BJAK is looking for an MLOps Engineer focused on building and scaling impactful AI solutions. In this role, you will run and optimize state-of-the-art open-source models, ensuring they are safe, trustworthy, and performant at scale. You will collaborate closely with cross-functional teams across product, engineering, operations, infrastructure, and data.
What You'll Do
- Run and manage open-source models efficiently, optimizing for cost and reliability.
- Ensure high performance and stability across GPU, CPU, and memory resources.
- Monitor and troubleshoot model inference to maintain low latency and high throughput.

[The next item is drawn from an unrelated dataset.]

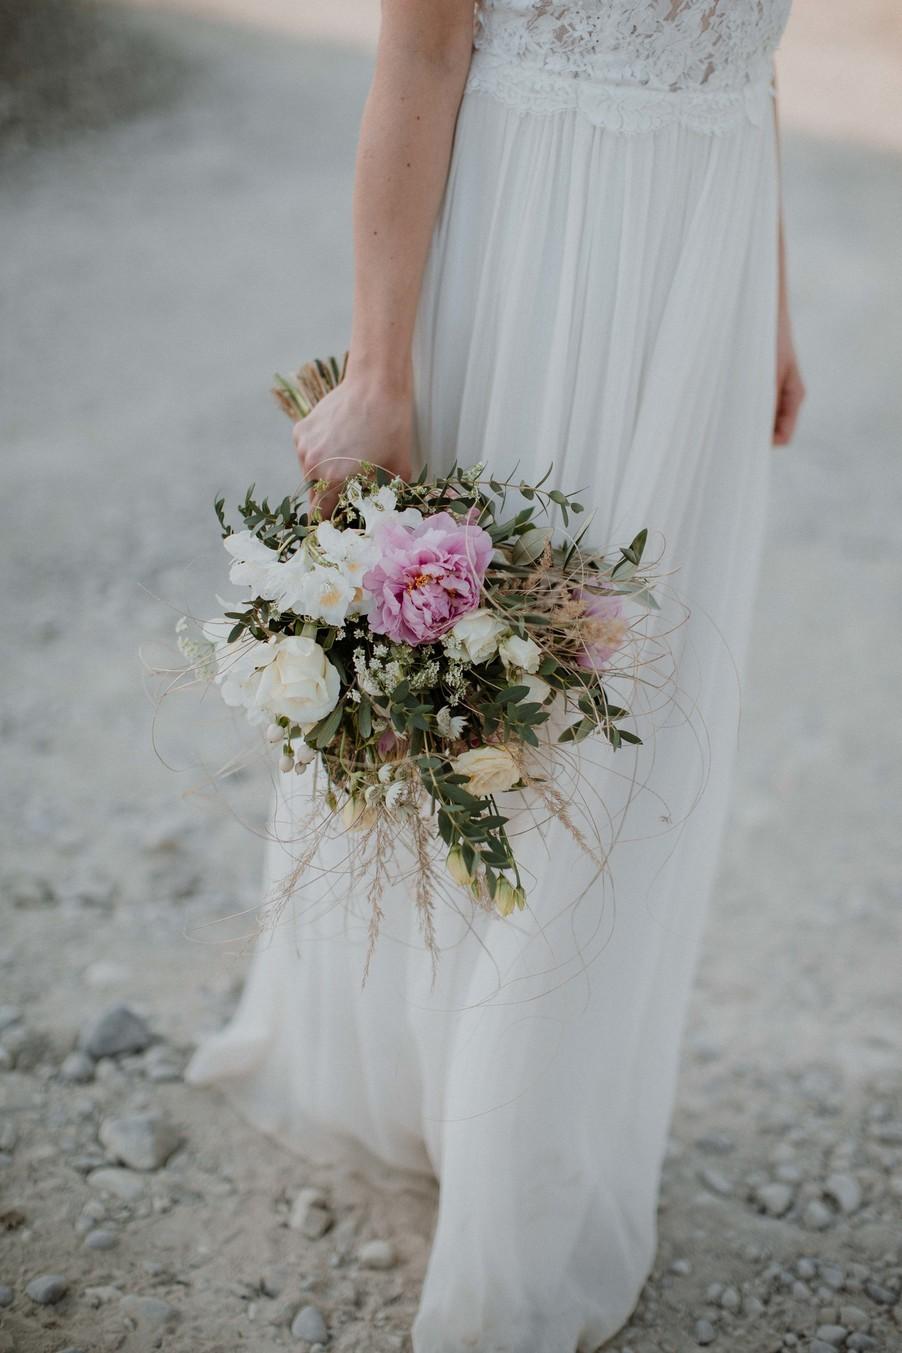 Wildflower_Julia_Pommerenke_Kiesgrube-15

- Collaborate with engineers to implement scalable and reliable model serving solutions.
What We're Looking For
- Experience with model serving platforms such as vLLM or HuggingFace TGI.
- Proficiency in GPU orchestration using tools like Kubernetes, Ray, Modal, RunPod, or LambdaLabs.
- Ability to monitor latency, costs, and scale systems efficiently with traffic demands.
- Experience setting up inference endpoints for backend engineers.
Technical Stack
- vLLM, HuggingFace TGI
- Kubernetes, Ray, Modal, RunPod, LambdaLabs
Team & Environment
You will work in a flat structure, collaborating closely with regional teams across product, engineering, operations, infrastructure, and data.
Benefits & Compensation
- Health, dental & vision insurance.
- Global travel insurance (for you & your dependents).
- Unlimited, flexible time off.
- Housing rental subsidies.
- Quality company cafeteria.
- Overtime meals.
Work Mode
This is a hybrid role. It is a global position, with the company headquarters located in Malaysia.
BJAK values speed, clarity, and relentless ownership. Our high-density, high-performance team is focused on high-quality work and global impact.